- [What is expected] Please output the listing that follows exactly, but keep all images out.

- [Data]
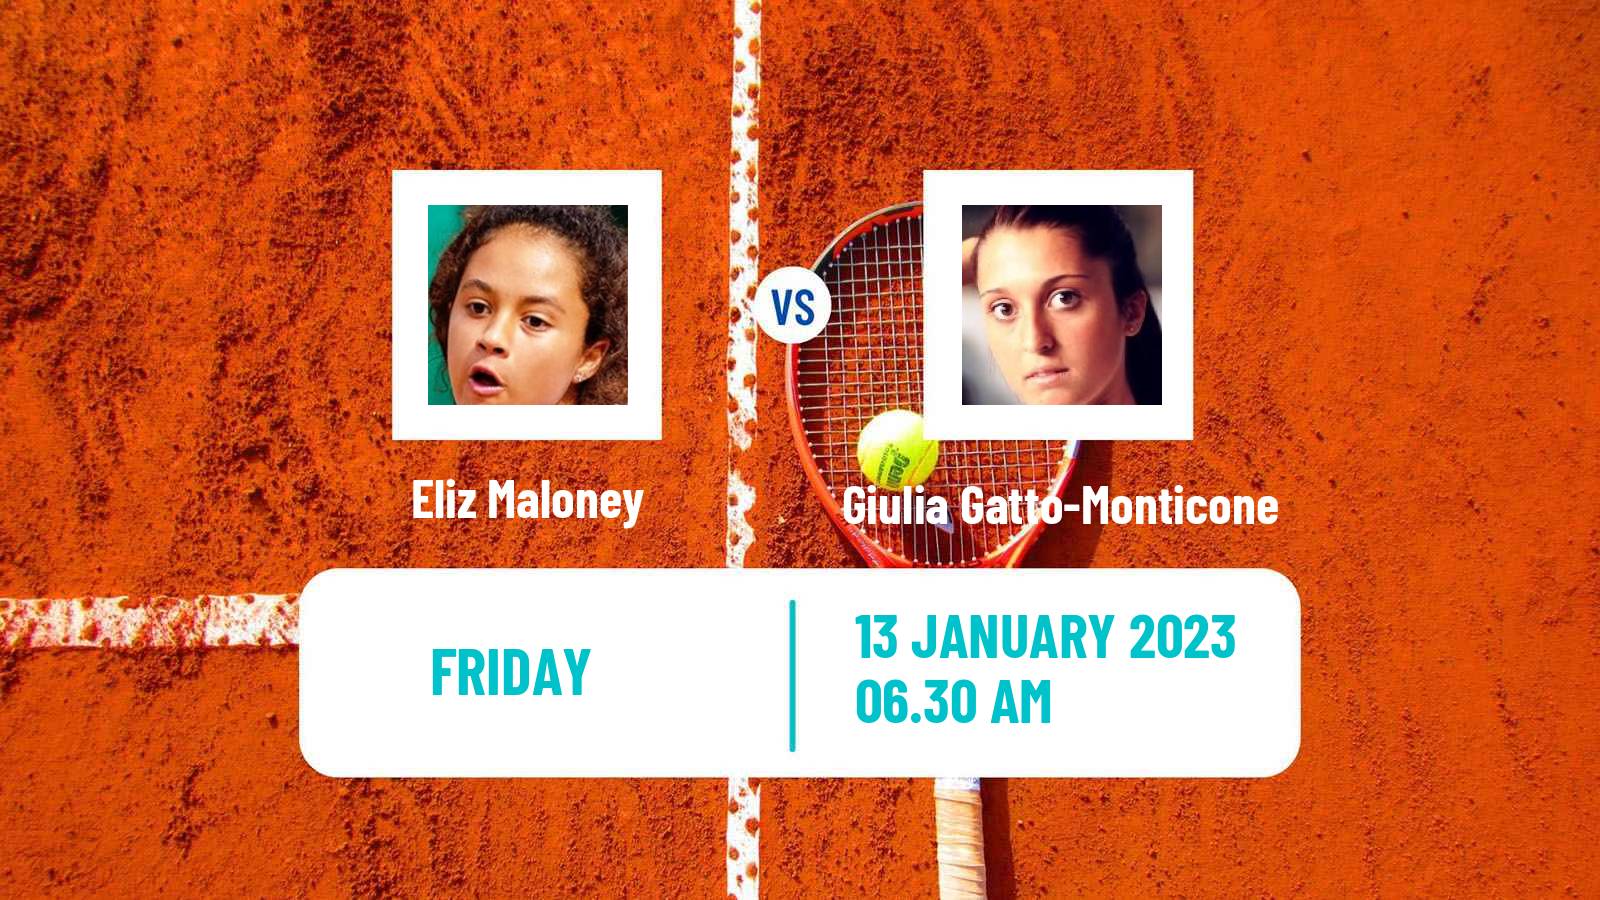 Tennis ITF Tournaments Eliz Maloney - Giulia Gatto-Monticone
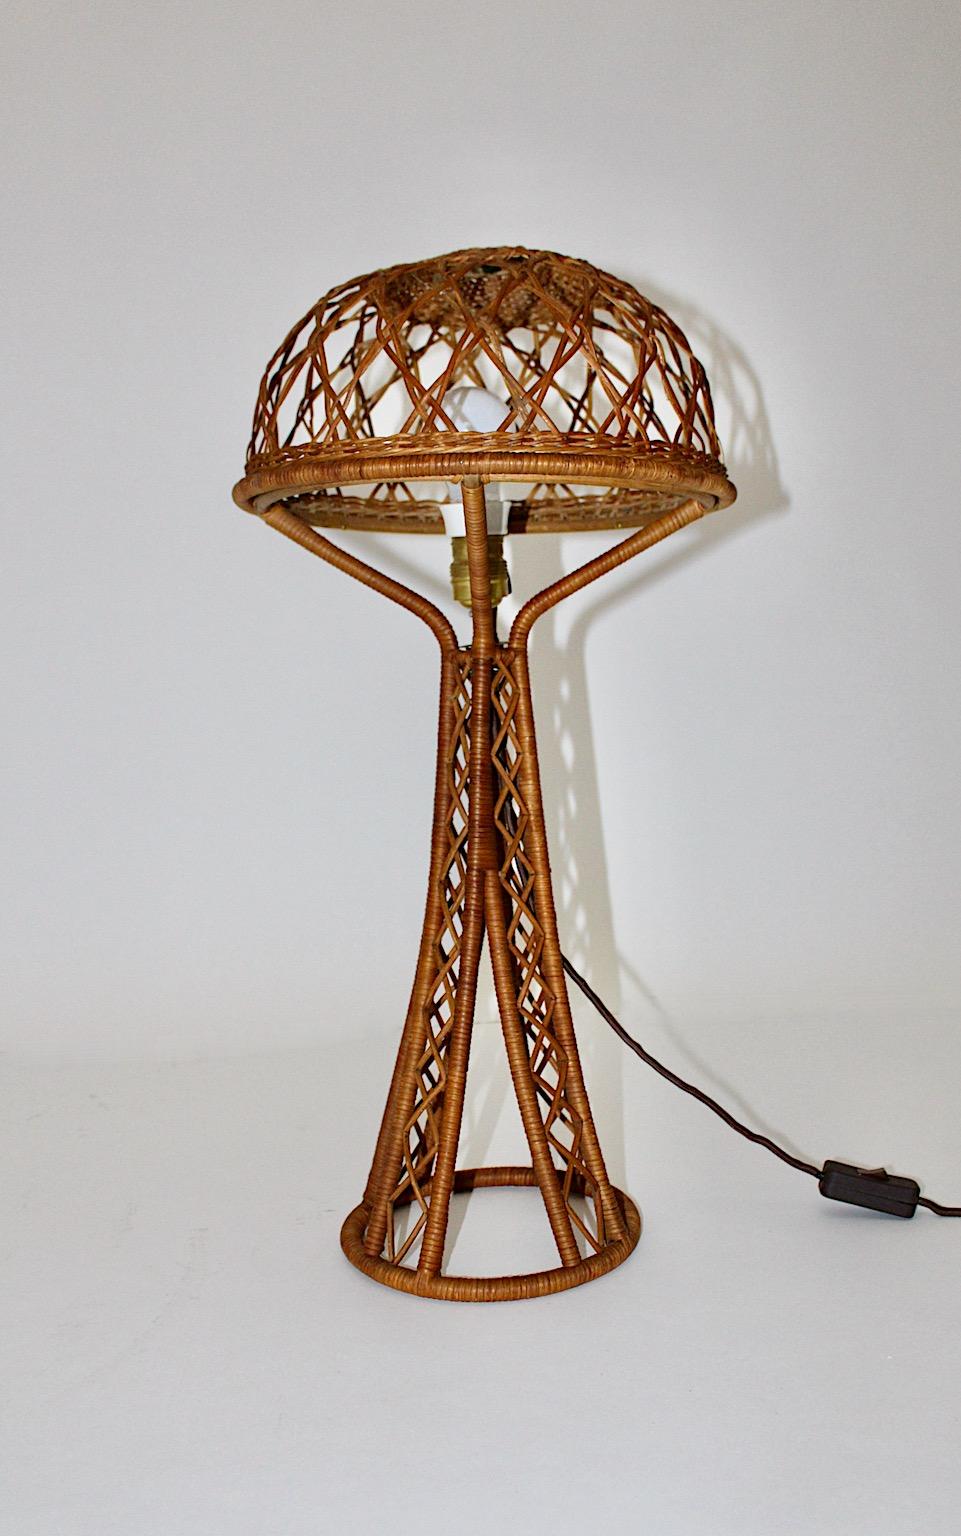 Moderne organische Mid-Century-Modern-Tischlampe Eiffel mit mushroom-artigem Schirm aus Rattan, 1950er Jahre.
Der zarte Lampenschirm aus Rattan weist ein zartes Rhodiummuster auf, während der Lampensockel eine Eiffel-ähnliche Form auf.
Die

- [Result below]
 Tennis ITF Tournaments Eliz Maloney - Giulia Gatto-Monticone
 Moderne organische Mid-Century-Modern-Tischlampe Eiffel mit mushroom-artigem Schirm aus Rattan, 1950er Jahre.
Der zarte Lampenschirm aus Rattan weist ein zartes Rhodiummuster auf, während der Lampensockel eine Eiffel-ähnliche Form auf.
Die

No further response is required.